For the readers out there with sharp memories, this bird does look like another one featured over a year ago (link here). That was a Western Meadowlark shot outside the Grand Tetons. This particular bird is of the Eastern variety. Ironically, this shot came AFTER a day of birding (with Ron) at Allerton Park in Monticello IL. A little foreshadowing – I’m just now getting to the fruits of that outing (soooo behind). On our way out, Linda noticed my brother pointing to something on the side of the road. It didn’t take long to spot this gorgeous yellow bird hanging out among some bare branches. Guess I owe Ron a big thanks for spotting this one for me. Something in the back of my head also says we might have been lost at the time so showing up there was luck in itself.

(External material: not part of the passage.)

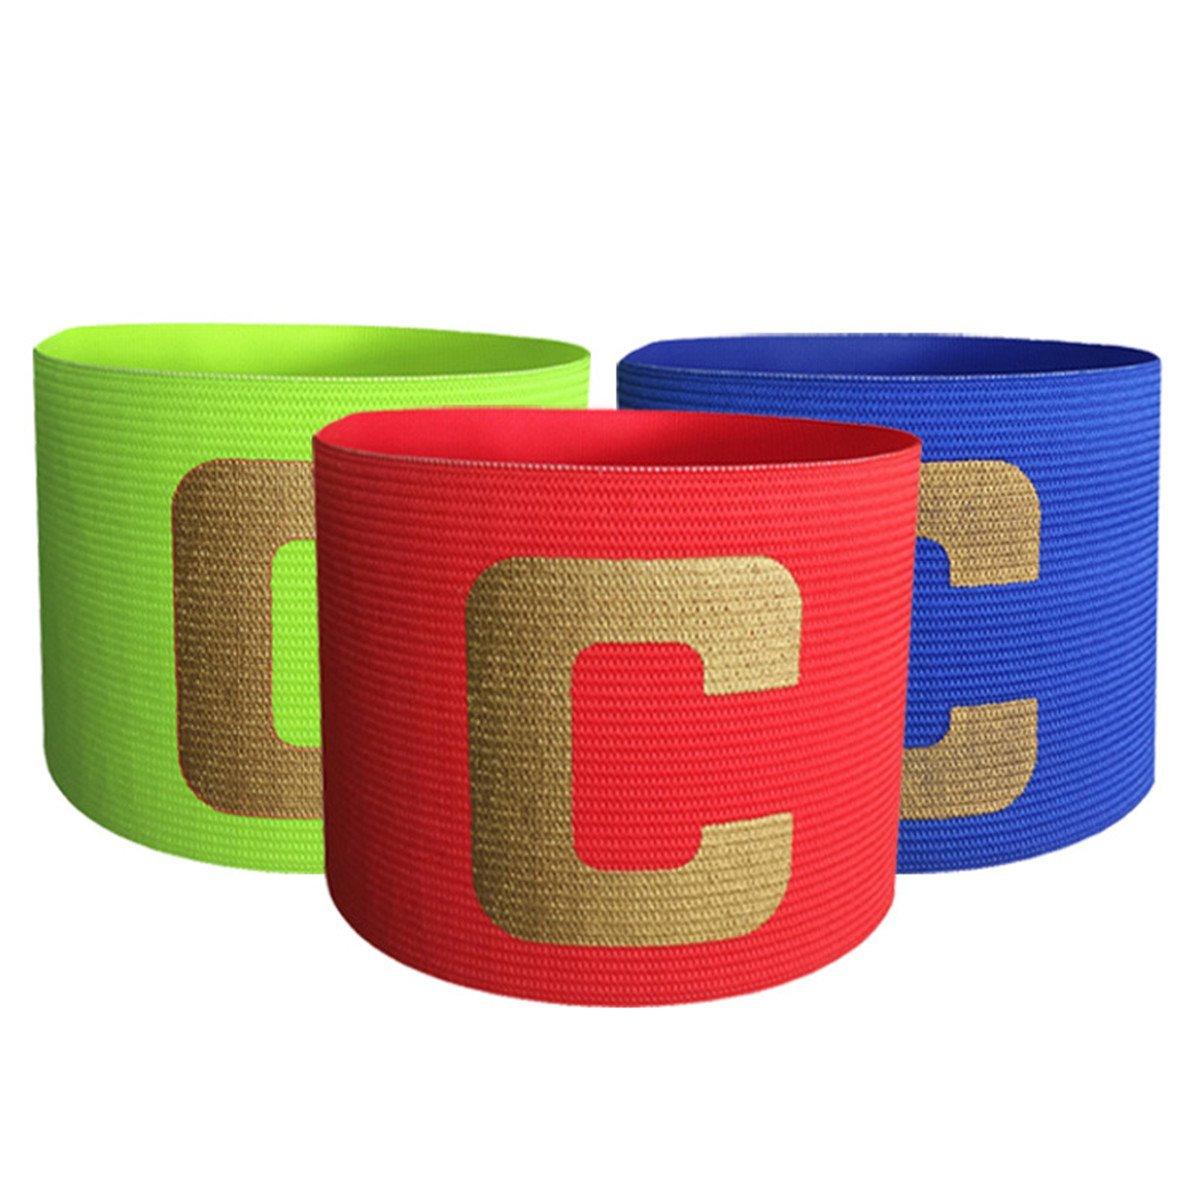 HNJZX Kinder, Rugby-Armband–geeignet für mehrere Sportarten wie Fußball 3Stück in verschiedenen Farben B

Let’s see what our favorite birding website, Cornell, has to say about Mr. Yellow. For the Trivia Crack addicts out there it may be interesting to know that the Eastern Meadowlark is not a member of the Lark family. Nice name there eh? They are kin to the Blackbird family. Maybe the Yellow Blackbird name was causing too much confusion. Males are typically so cool they keep two mates (heard they were advocating to the Supreme Court for marriage equality). The Western and Eastern varieties don’t buy into that whole “Beat It” video concept preferring to fight it out for territory claim – the bird version of East Coast vs West Coast although both in a neutral yellow color! They are primarily insect eaters which means they are fine by me. They need to take a vacation up to Goose Lake on the Hebron Trail – they would east like kings!
Not a whole lot more that jumps off the fact sheet. They have a Least Concern Conservation Status (yeah) and based on the shot above, they have no problem hanging out with female Red-Winged Blackbirds. That right there shows you the degree to which other birds respect that dagger of a bill. Red-Winged Blackbirds pretty much harass and attack every other bird (and my brother) that comes within 30 feet of them – here they were just sitting there behaving themselves. Truth be told I originally thought they were female Meadowlarks but they didn’t match the reference shots. Note, Ron and I actually tracked down a few more of these on our trip up to Starved Rock/Matthiessen State Park (lord, I am soooo behind). Oh well, at least I can take satisfaction in another plus one for the list.
That’s all for tonight folks – stay cool!